What to do: Your output should be the complete listing, word for word, with no pictures in it.

Collected material:
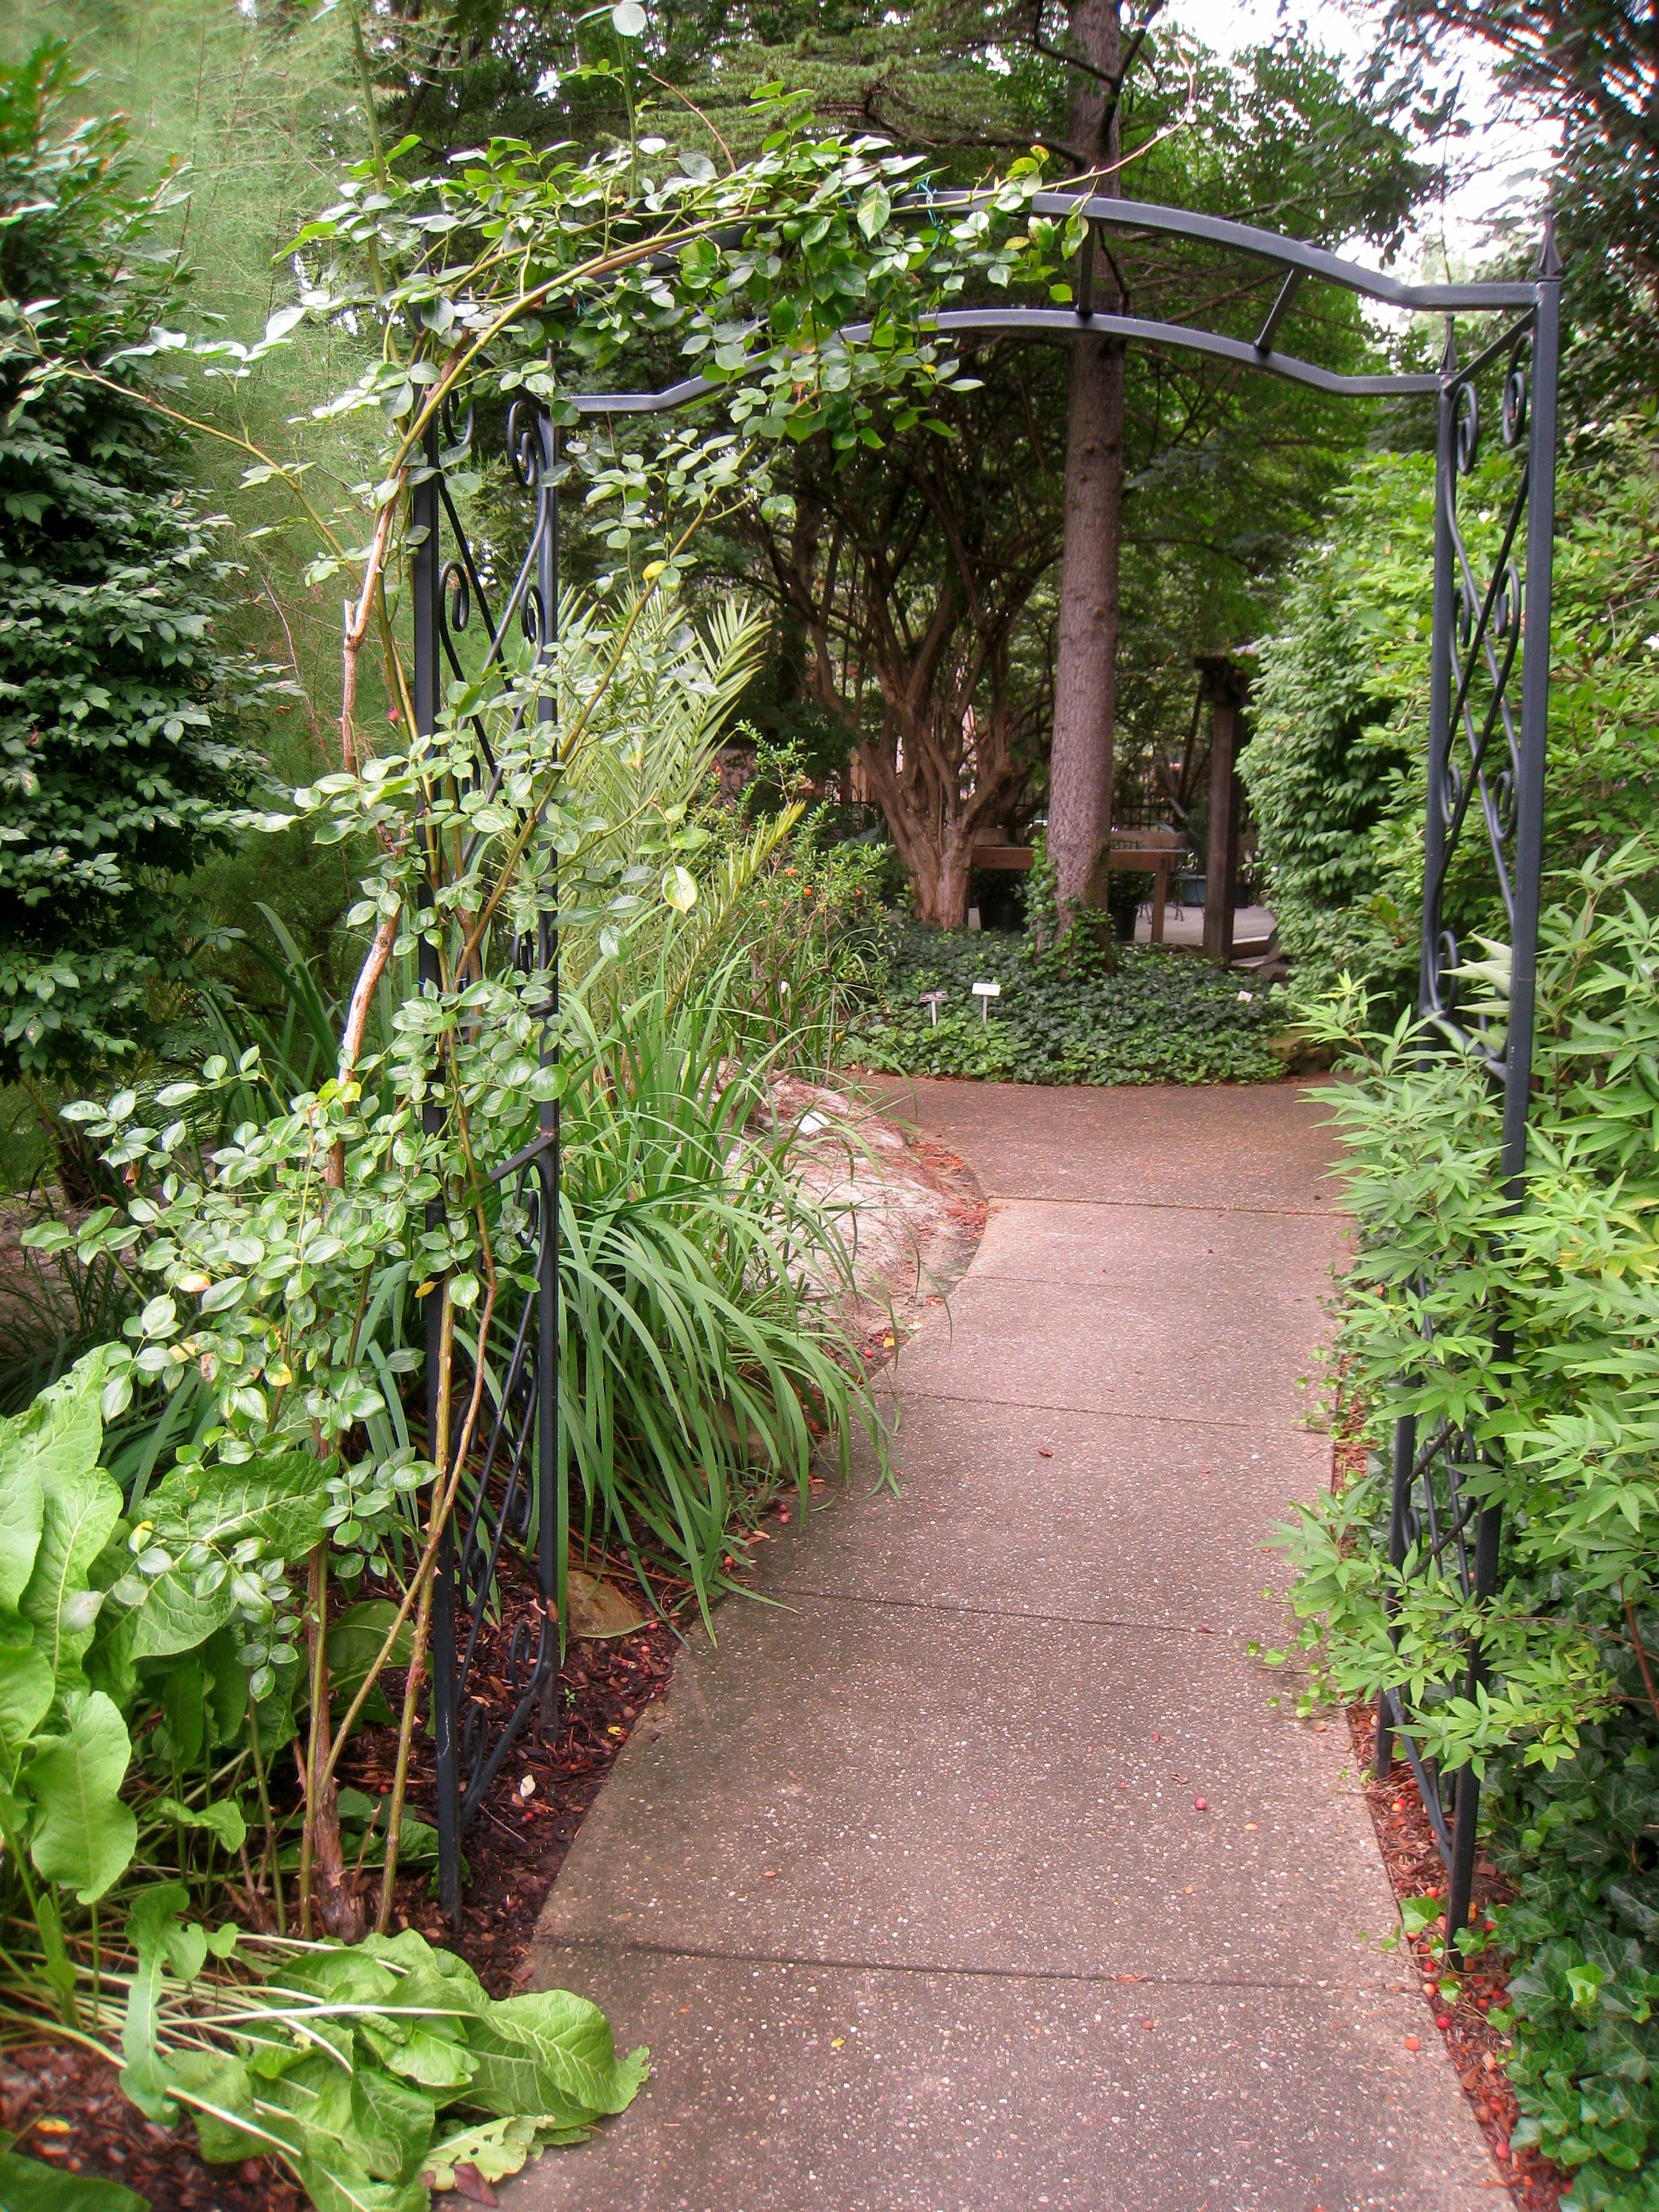 About Us Rodef Shalom Biblical Botanical Garden
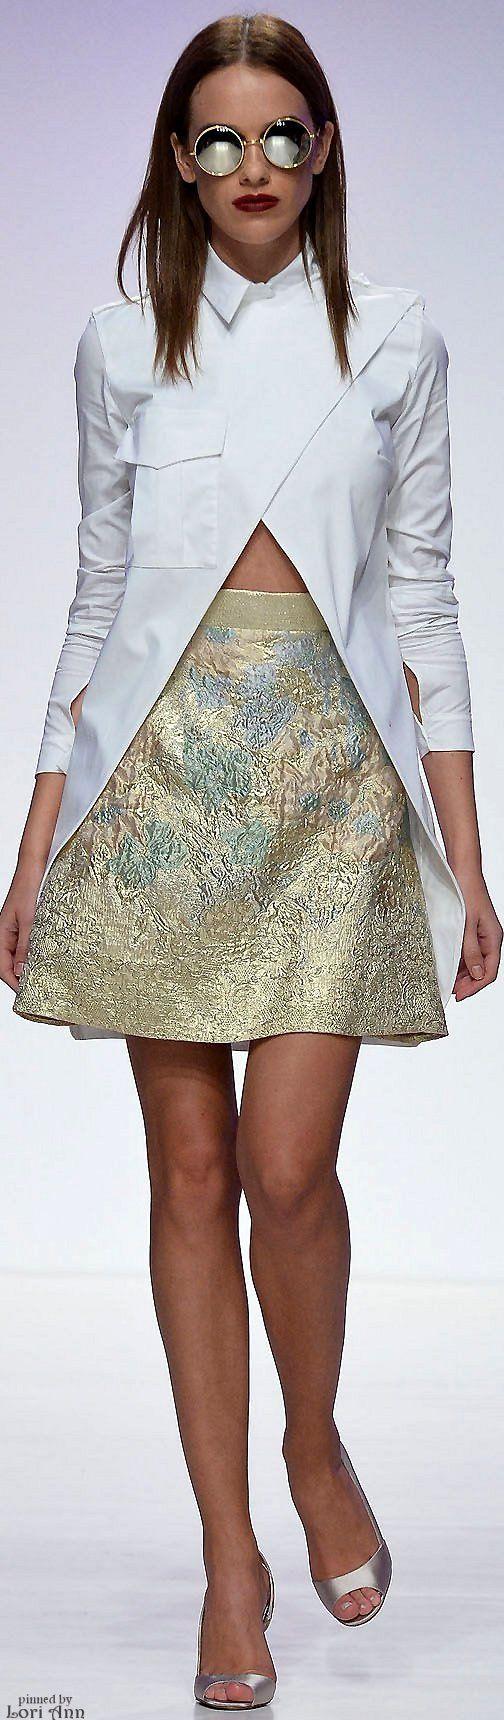 Hussein Bazaza Spring 2016 RTW women fashion outfit clothing style apparel @roressclothes closet ideas
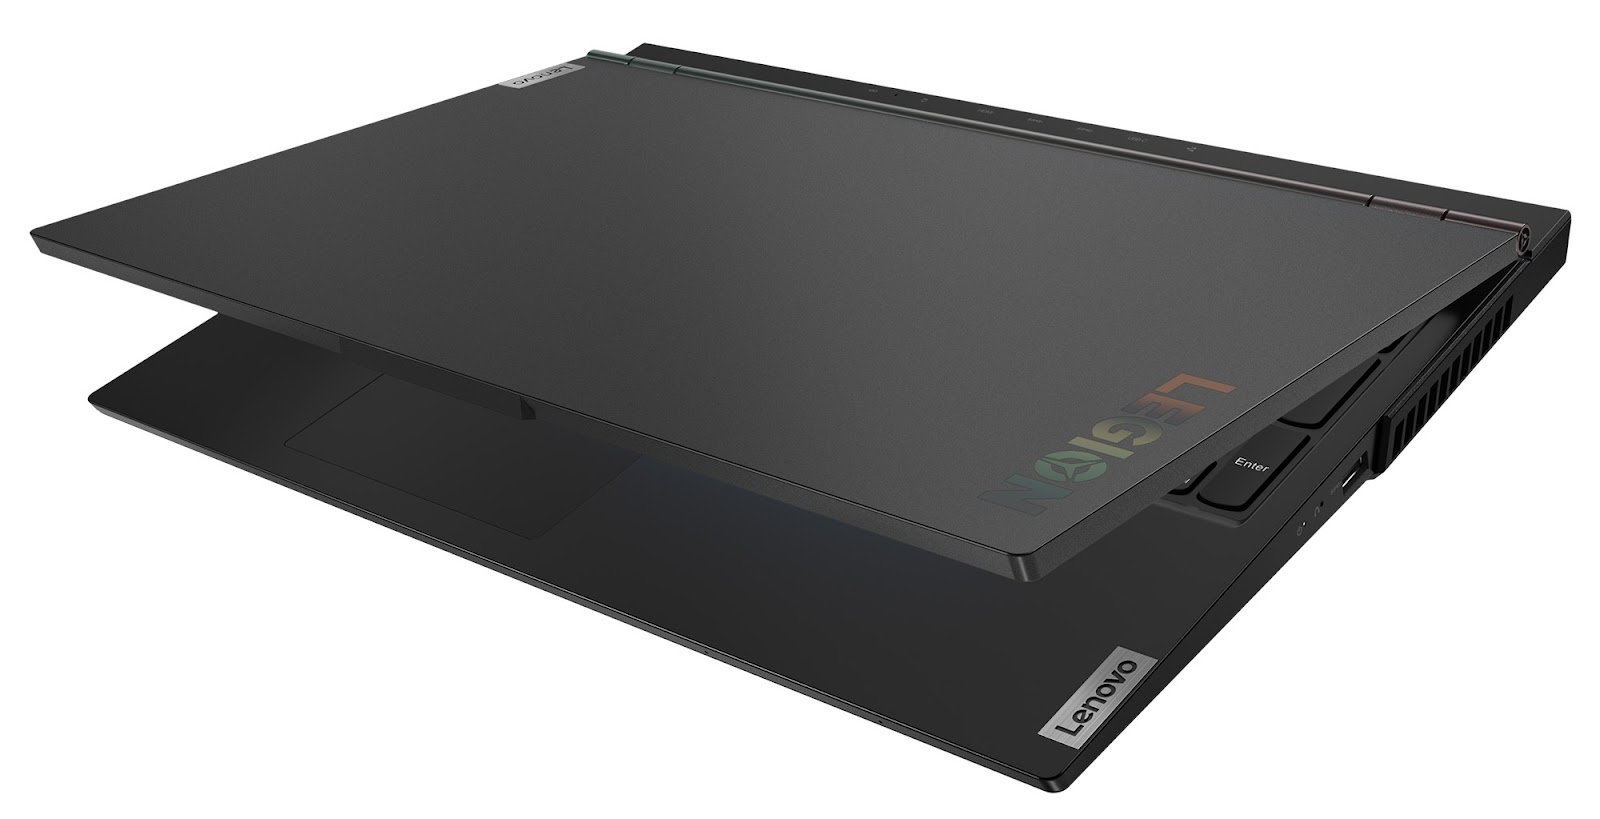 Фото 3. Ноутбук Lenovo Legion 5 15IMH05H Phantom Black (81Y600CXRE)

Task output:
 About Us Rodef Shalom Biblical Botanical Garden
 Hussein Bazaza Spring 2016 RTW women fashion outfit clothing style apparel @roressclothes closet ideas
 Фото 3. Ноутбук Lenovo Legion 5 15IMH05H Phantom Black (81Y600CXRE)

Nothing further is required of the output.